24 611
Risiconormering vervoer gevaarlijke stoffen

nr. 5
BRIEF VAN DE MINISTER VAN VERKEER EN WATERSTAAT

Aan de Voorzitter van de Tweede Kamer der Staten-Generaal

Den Haag, 8 september 2004

Hierbij informeer ik u mede namens de minister van Binnenlandse Zaken en Koninkrijksrelaties en de staatssecretaris van Volkshuisvesting, Ruimtelijke Ordening en Milieubeheer over de publicatie van de circulaire Risiconormering vervoer gevaarlijke stoffen (RNVGS)1. Met deze circulaire maakt het rijk zijn beleid bekend inzake de afweging van veiligheidsbelangen die een rol spelen bij het vervoer van gevaarlijke stoffen.

Eind juli heb ik medeoverheden en infrastructuurbeheerders verzocht medewerking aan dit beleid te verlenen door vanaf heden bij de besluitvorming die onder hun verantwoordelijkheid valt de veiligheidsbelangen overeenkomstig deze circulaire af te wegen. Hierbij gaat het om zowel vervoersbesluiten als omgevingsbesluiten.

Aanleiding

Het externe veiligheidsbeleid voor het vervoer van gevaarlijke stoffen is op dit moment gebaseerd op de nota RNVGS (Kamerstukken II, 1995/96, 24 611, nr. 1). Met deze circulaire wordt dit beleid verder geoperationaliseerd en verduidelijkt. Dit is nodig omdat de nota RNVGS niet of niet in alle gevallen eenduidig wordt uitgelegd en toegepast.

De circulaire is gebaseerd op bestaand beleid (nota RNVGS). Als het gaat om de uitwerking en toepassing van risiconormen is zoveel mogelijk aangesloten bij het Besluit externe veiligheid inrichtingen (Stb. 2004, 250) van VROM. Ook de lijst van kwetsbare en beperkt kwetsbare objecten is overgenomen uit dit besluit.
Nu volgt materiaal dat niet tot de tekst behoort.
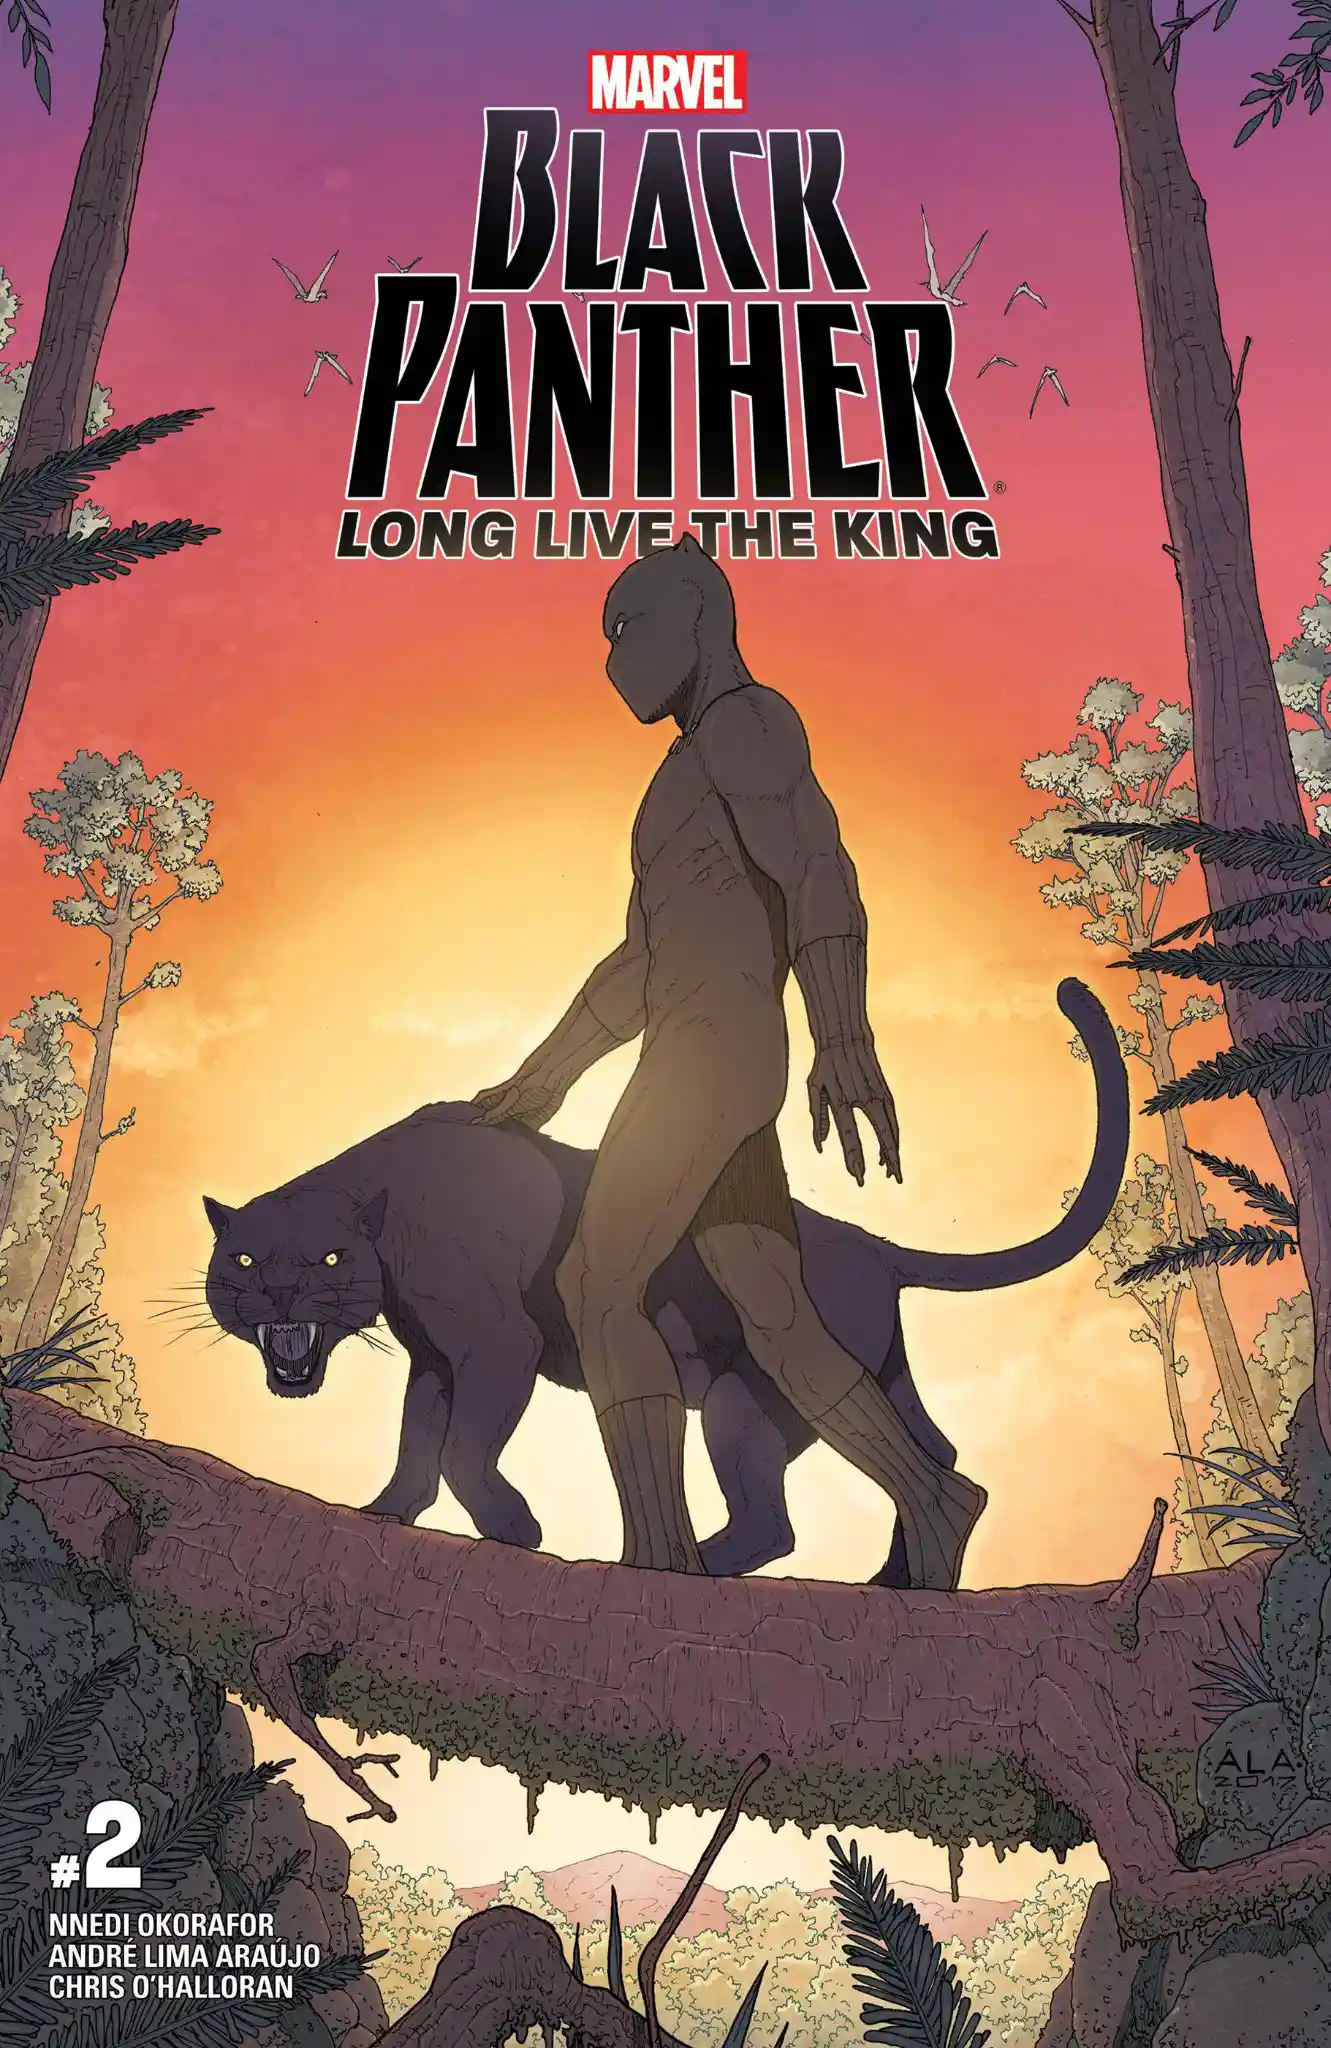 『BLACK PANTHER： LONG LIVE THE KING』＃2（2017 - 2018年発行）

Overigens loopt er ook een evaluatie van de nota RNVGS. Het is de bedoeling dat deze evaluatie dit jaar haar beslag krijgt. De voorlopige resultaten van de evaluatie zijn zoveel mogelijk in de circulaire verwerkt.

Relatie circulaire tot andere ontwikkelingen

De minister van VROM heeft u in de Tweede Voortgangsrapportage Externe Veiligheid van 7 november 2002 (VROM02/002) laten weten dat de circulaire «als interimbeleid voor de wettelijke verankering van de risiconormen voor het vervoer van gevaarlijke stoffen» kan worden gezien. Het ministerie van Verkeer en Waterstaat onderzoekt momenteel de haalbaarheid van deze voornemens. Hierbij wordt tevens stilgestaan bij de vraag of sanering van bestaande situaties wettelijk geregeld kan worden. In het Besluit externe veiligheid inrichtingen is immers ook voor een saneringsbeleid gekozen. Met de realisatie van deze wettelijke verankering zal de circulaire komen te vervallen.

De circulaire is dus een stap in de richting van een wettelijke verankering van de risiconormen voor het vervoer van gevaarlijke stoffen. De circulaire vormt daarmee de basis voor het externe veiligheidsbeleid voor het transport; in de circulaire zijn immers de risiconormen vastgelegd waaraan moet worden voldaan.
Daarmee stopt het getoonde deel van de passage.